# Maximization of memory capacity in echo state neural networks

## The method consists in reservoir orthogonalization of the neural network that brings it to the regime at the edge of stability, allowing the network to get close to the theoretically derived memory limits, as explained by prof. Igor Farkaš, from Department of Applied Informatics, Comenius University in Bratislava.

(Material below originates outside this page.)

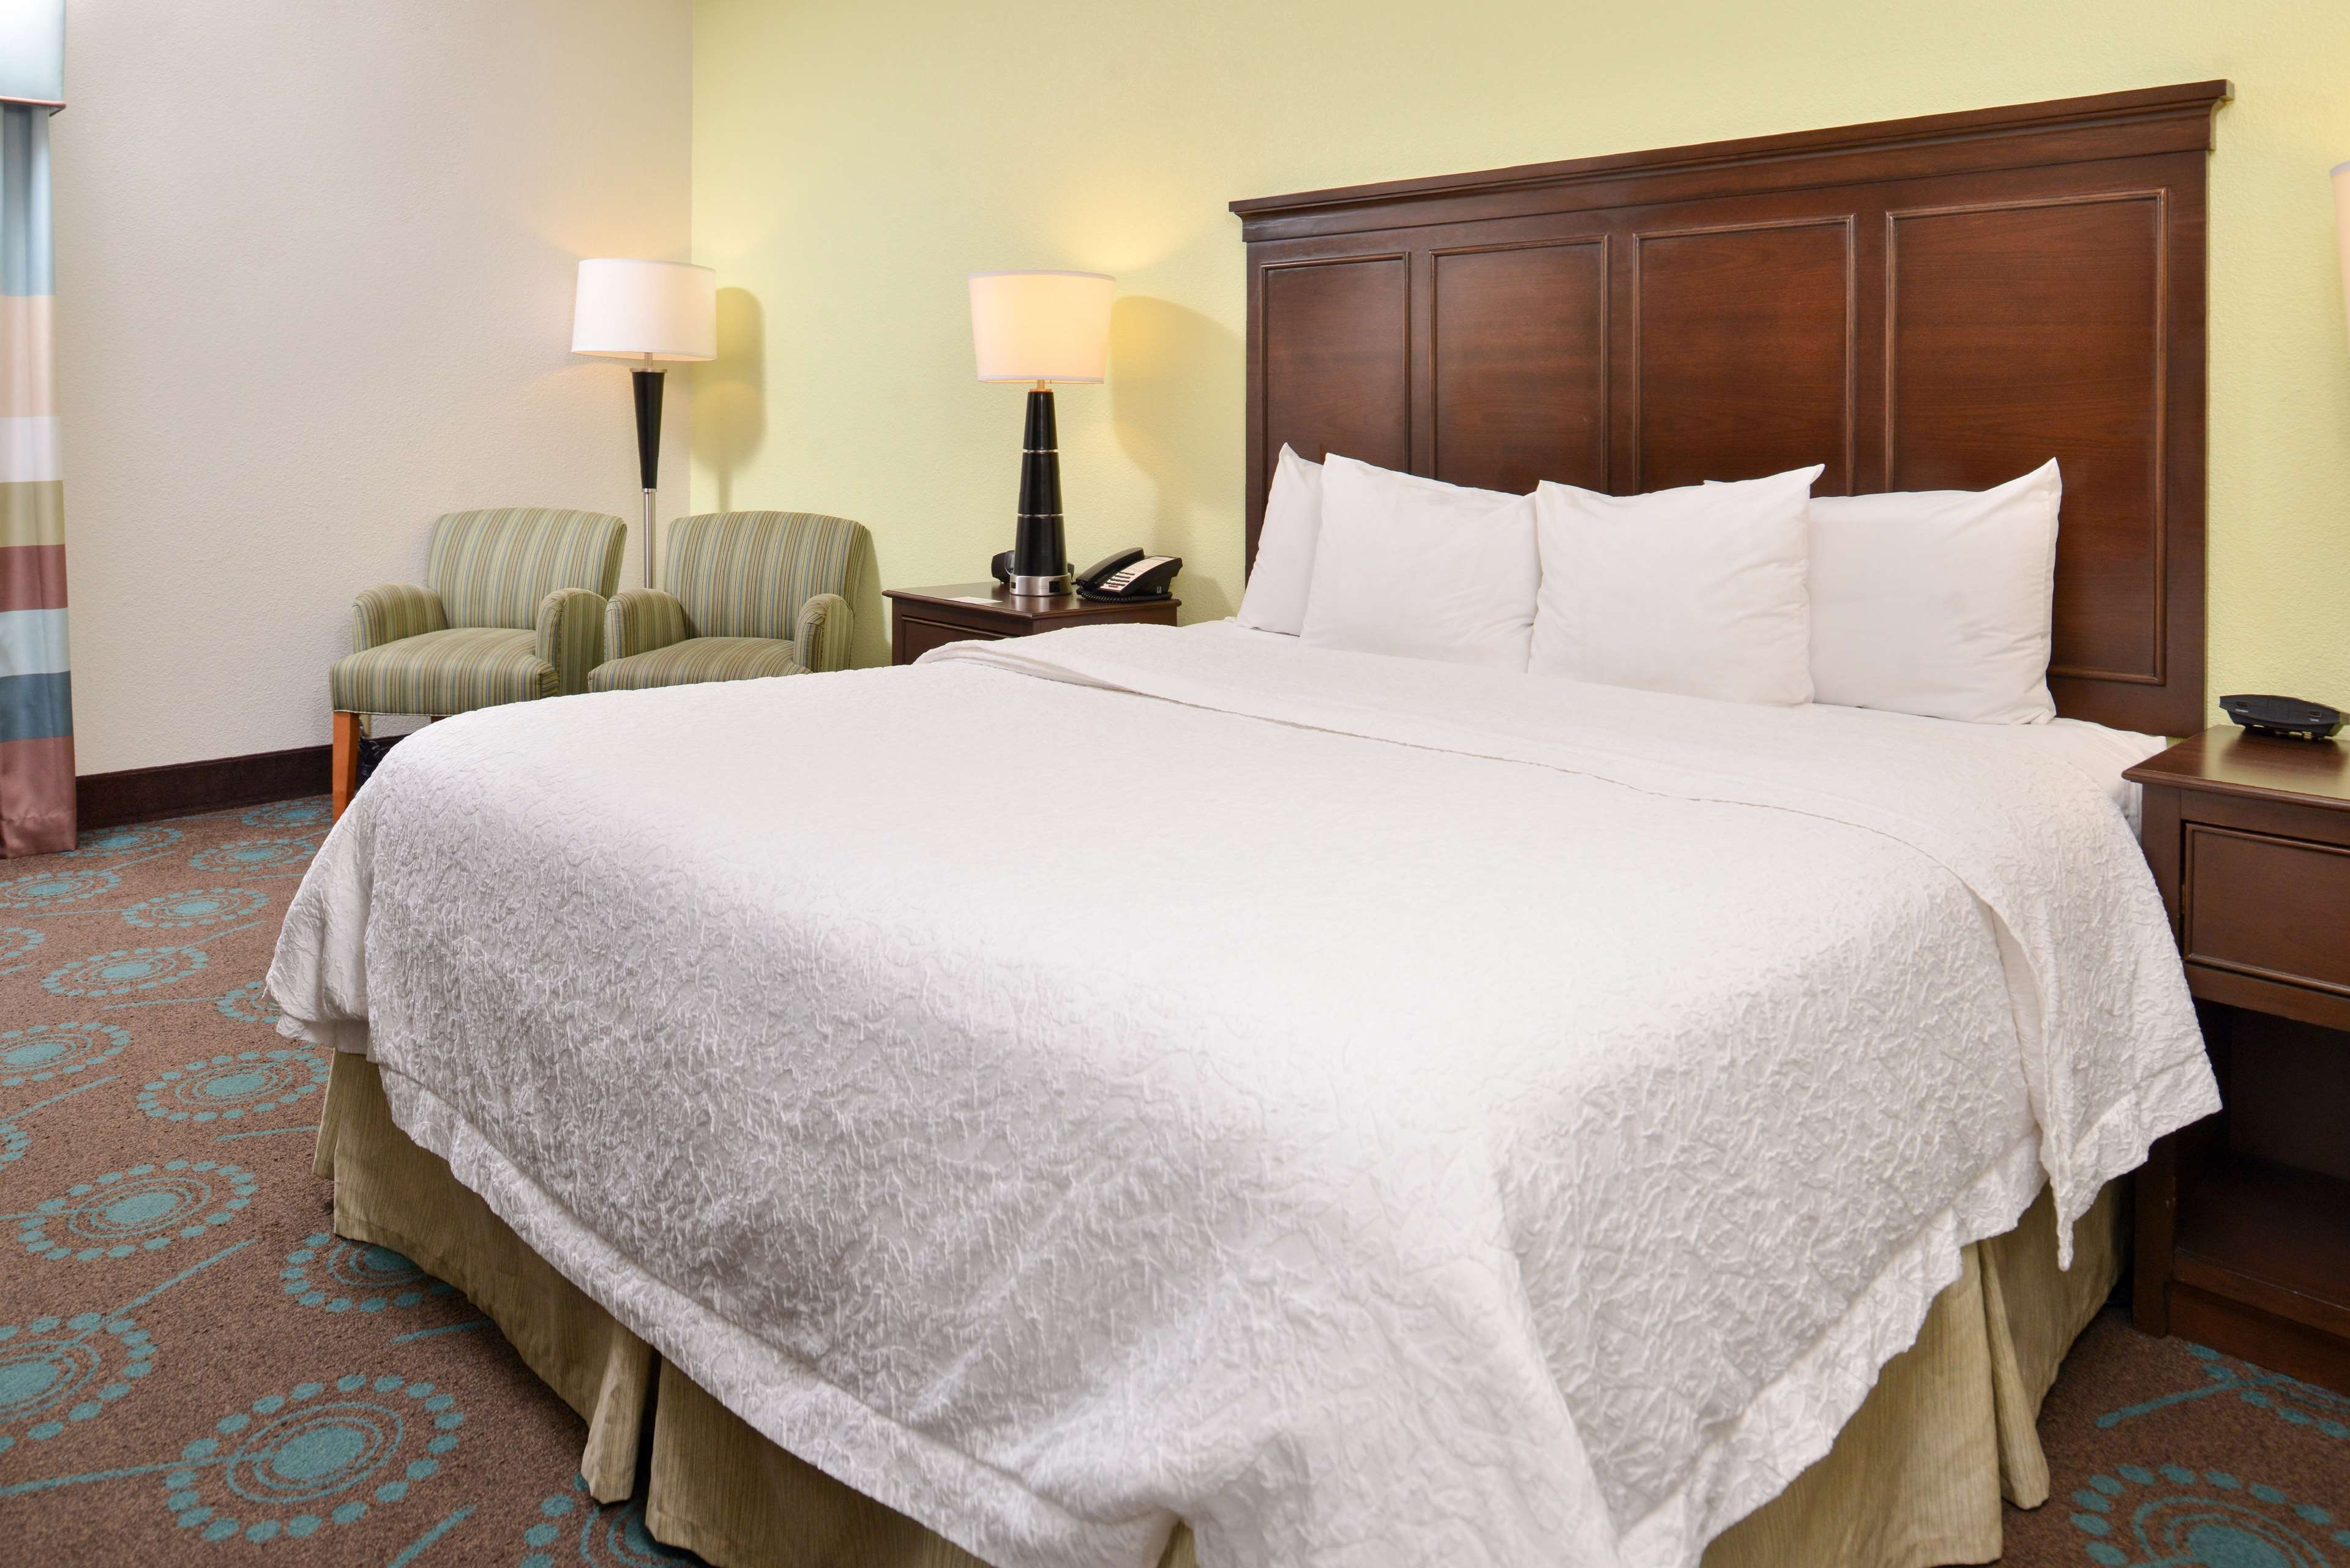 Hampton Inn & Suites Newport News (Oyster Point) image 35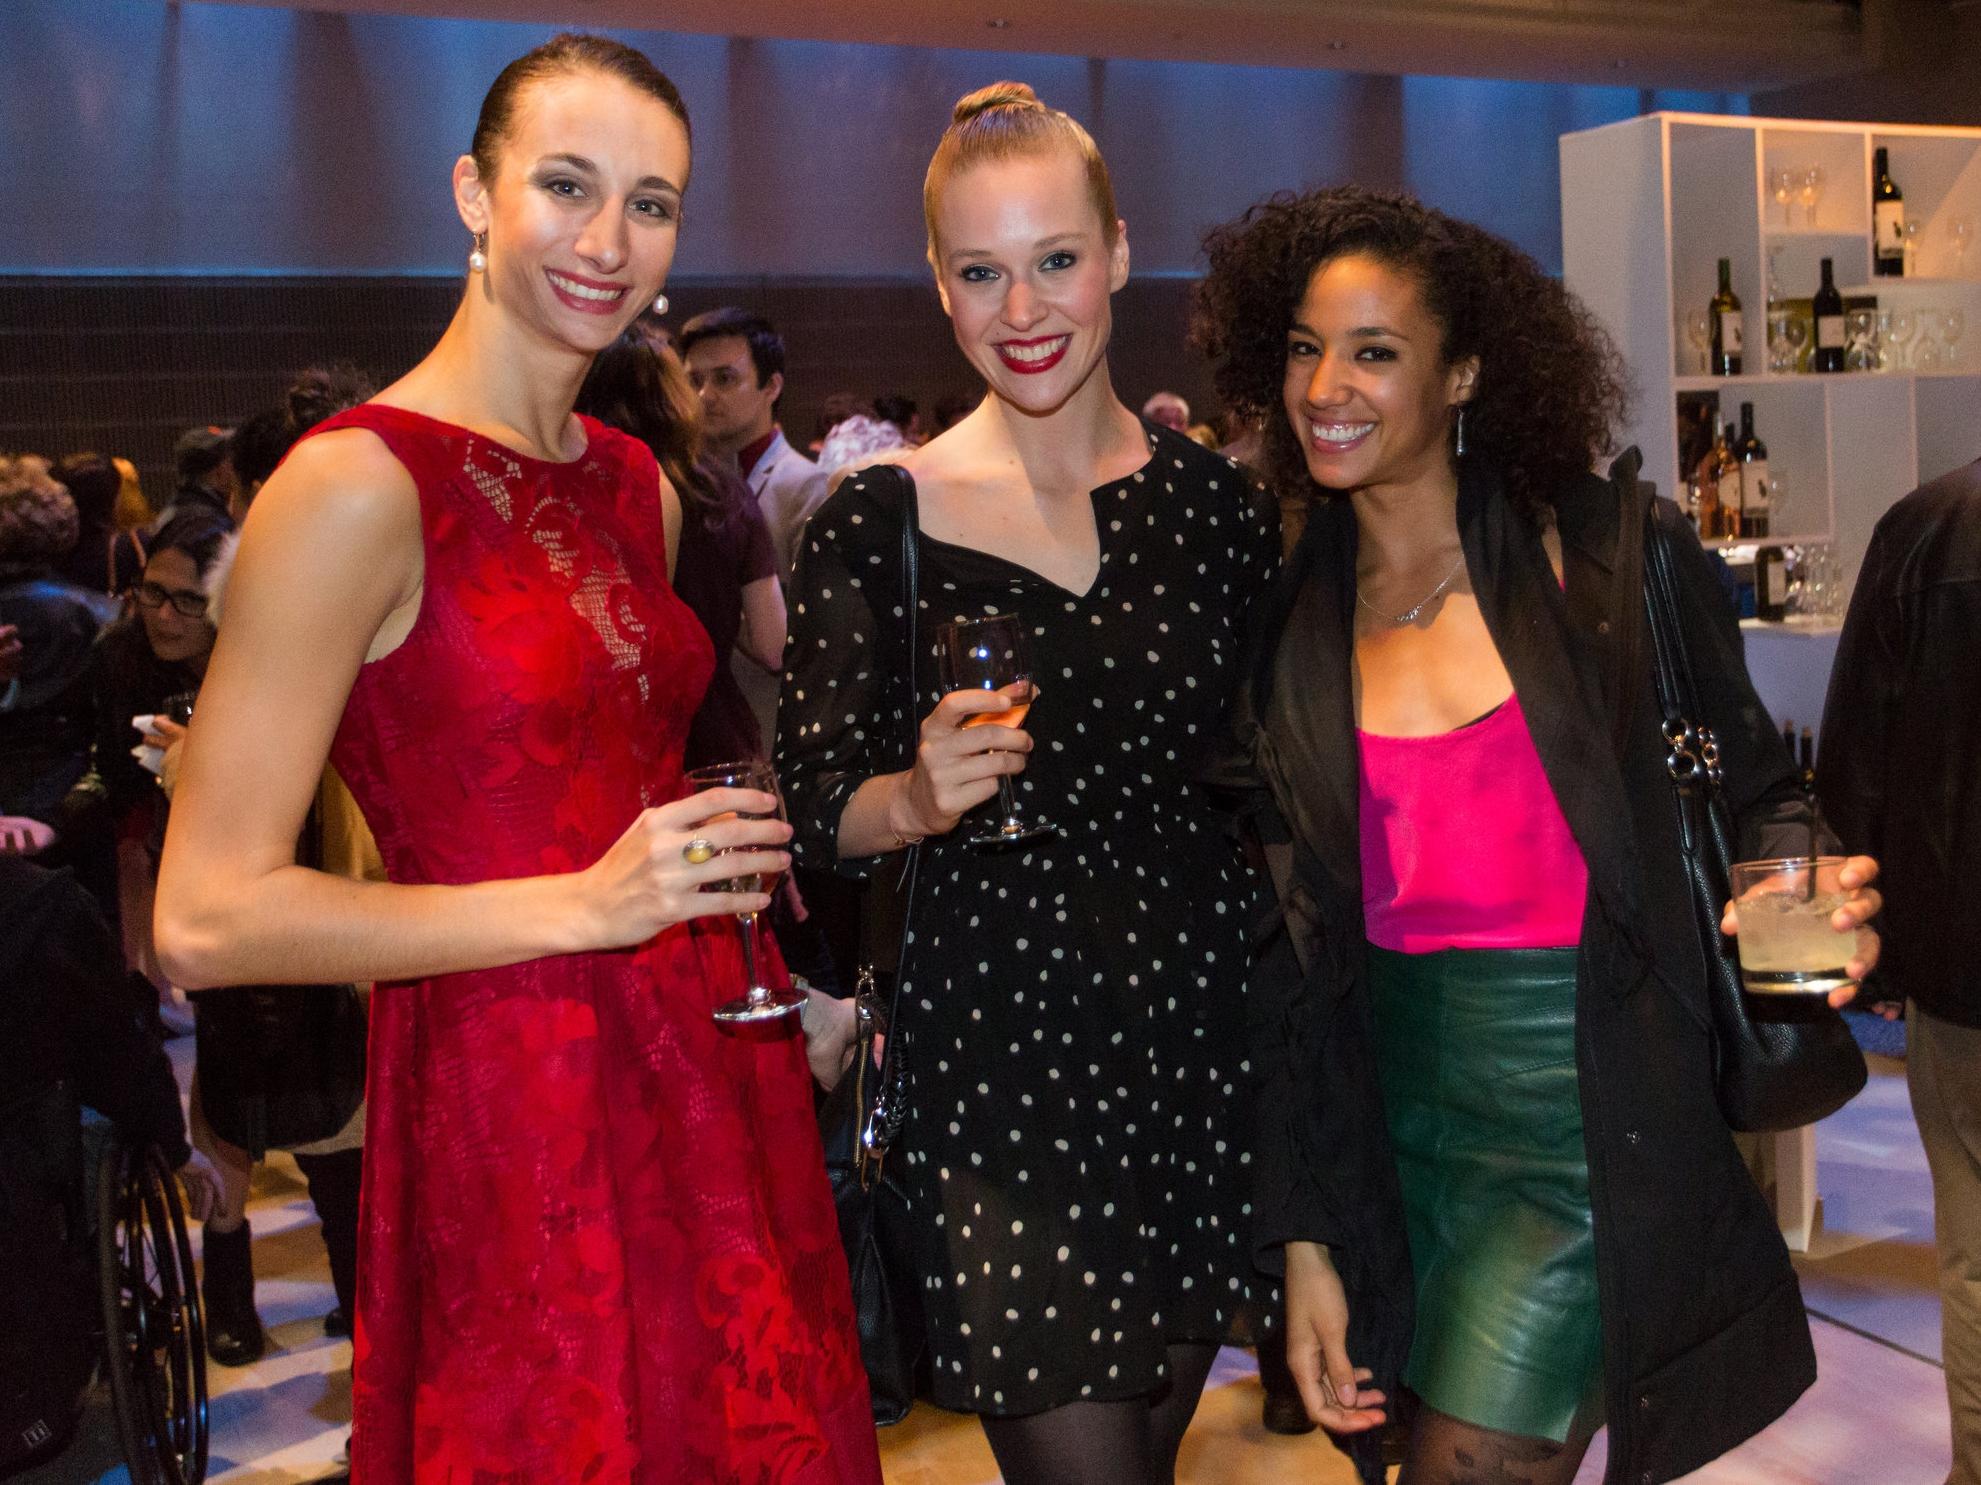 Ilaria Guerra, Jordan Drew, and Kimberly Olivier. photo: Alex Reneff-Olson

In the field of machine learning and artificial neural networks, it has been a long-term effort to design effective learning algorithms allowing the neural networks to effectively solve different tasks. In the context of recurrent neural networks, i.e. the networks with feedback, a new paradigm emerged 15 years ago, called reservoir computing, which enables an efficient design of such networks. One type is an echo state network (ESN) whose advantage is a quick initialization of the reservoir, that is, the matrix of weighted recurrent connections (analogy to synapses between biological neurons). The proper setting of the weights (e.g. expressed by the spectral radius) provides appropriate dynamic properties of an ESN, which has a positive impact on task solving (e.g. increased prediction accuracy of the network). It is interesting in this context that the ESN as a dynamic system may operate in two different modes – stable dynamics (in case of smaller spectral radii) and unstable dynamics (larger spectral radii). A gradual transition between the two modes, the edge of stability, leads to an optimized behavior, for example in terms of memory capacity. This mode is interesting also in case of physical and biological systems. There exists a theory according to which the brain is dynamically self-organized at the edge of stability, in order to function effectively.

"We have shown that the memory capacity of an ESN can substantially increase due to reservoir orthogonalization (using either of the two similar gradient descent methods), such that it approaches the theoretical limits, in various sizes of the reservoir. In particular, the number of reconstructed (and therefore memorized) random inputs at the output equals the number of neurons in the reservoir, which is usually unreachable. We started to look at this topic a few years ago in a bachelor thesis (P. Barančok) and a master thesis (R. Bosák), which both led to interesting results. Using the systematic computational analysis we subsequently managed to achieve results, together with a PhD student (P. Gergeľ) into a publishable form in the prestigious journal Neural Networks, "says prof. Igor Farkaš, who leads a working group on Cognition and Neural Computation at KAI, focusing on artificial neural networks and their use for modeling in cognitive science. "We are planning in further research to verify the results using different input data, as well as to find out if, and how, reservoir orthogonalization supports optimal behavior from the perspective of other quantitative measures, such as information transfer," concludes prof. Farkaš.

Farkaš I., Bosák R., Gergeľ P.: Computational analysis of memory capacity in echo state networks. *Neural Networks,* 83, 109-120, 2016.